En 2020, Alberth Schneider, Antonio Bernárdez, Arnold Joaquín, Edwin Fernández, Félix Vásquez, Francisca Aracely, Gerardo Mizael, Iris Argentina, José Antonio Teruel, Karla Ignacia López, Laura Carolina Valentín, Marco Tulio Zavala, Marvin Damián Castro, Milton Martínez, Suami Aparicio Mejía et Vicente Zaavedra ont été assassinés pour avoir défendu l’environnement au Honduras. “Nous subissons l’accusation et la haine pour avoir défendu notre terre, où sont nés nos ancêtres”, ajoute le jeune Lenca lors d’un événement organisé par l’ONG Alboan et Entreculturas dans le cadre de la campagne “Défenseurs de la maison commune”. Au total, 17 Honduriens, près de 10% du total des décès pour cette raison au cours des douze mois qui se sont terminés en 2020. Mais ces chiffres alarmants ne se sont pas arrêtés, “seulement l’année dernière, 18 femmes autochtones ont dû faire face à la justice avec leurs enfants en armes pour défendre quelle est sa vie, qui est la nature », ajoute Felicita, auquel il faut ajouter 72 attaques.

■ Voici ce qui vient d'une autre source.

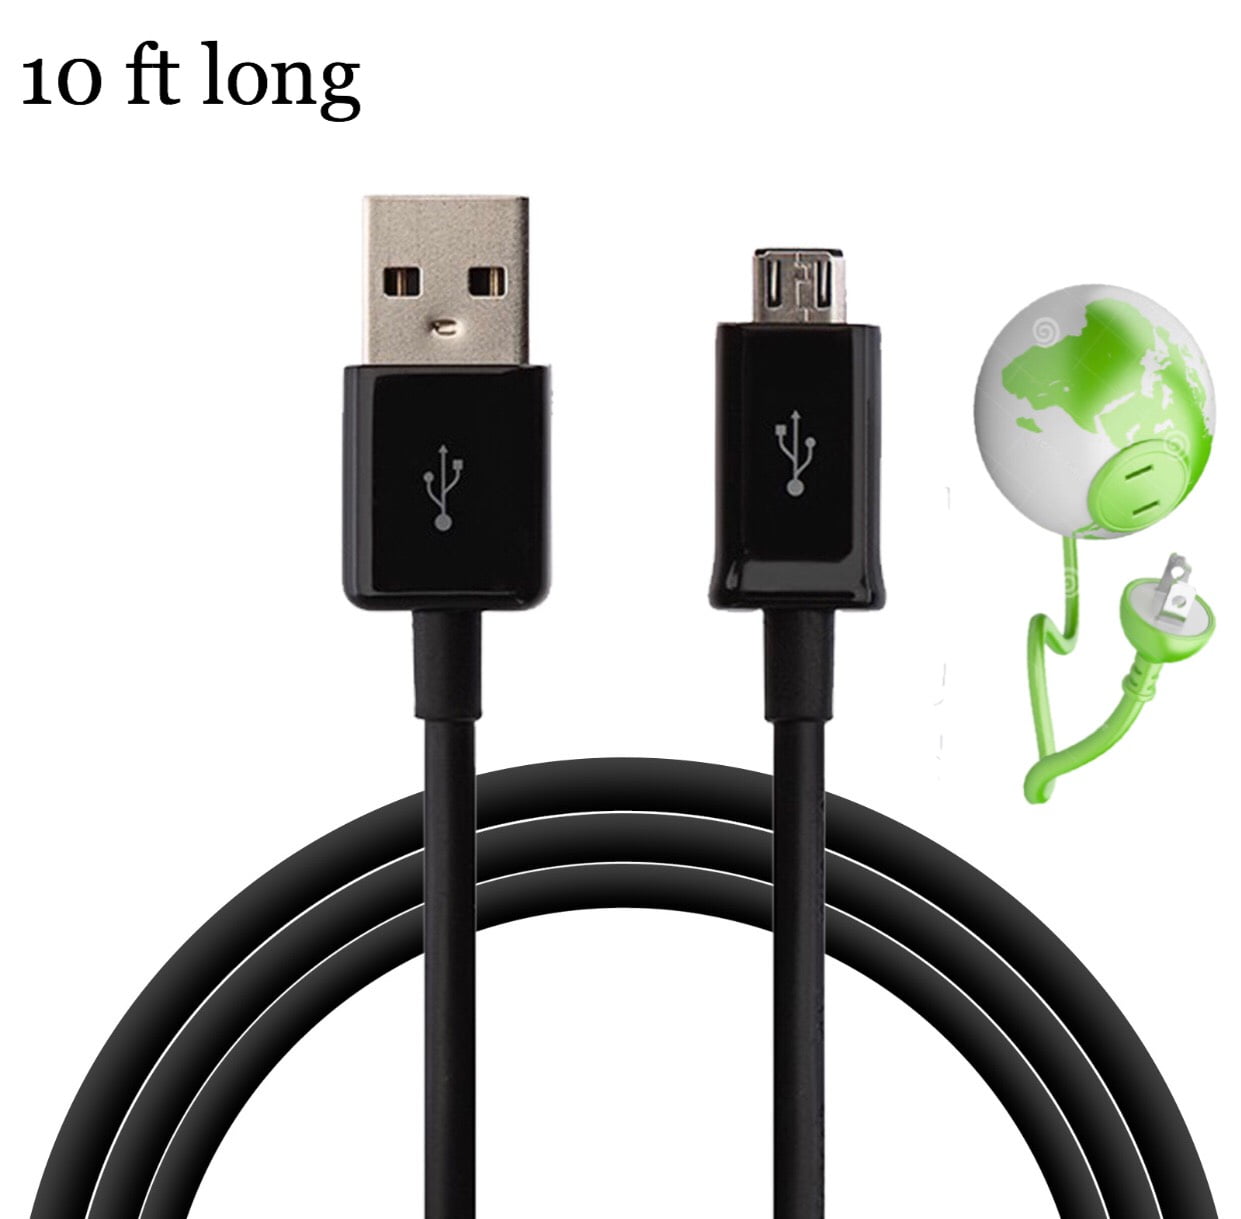 PWA C 10ft Long Replacement USB Cable for Power A Brand Switch Xbox One X S Wireless & Wired Controller - Walmart.com

La défense de la terre dans ce pays d’Amérique centrale porte le nom, principalement, des femmes et aussi le vert qu’elles essaient de protéger à de nombreuses reprises est taché de sang. “J’ai souvent craint pour ma vie”, répond Felicita. Un état d’alerte constant et presque dès la naissance.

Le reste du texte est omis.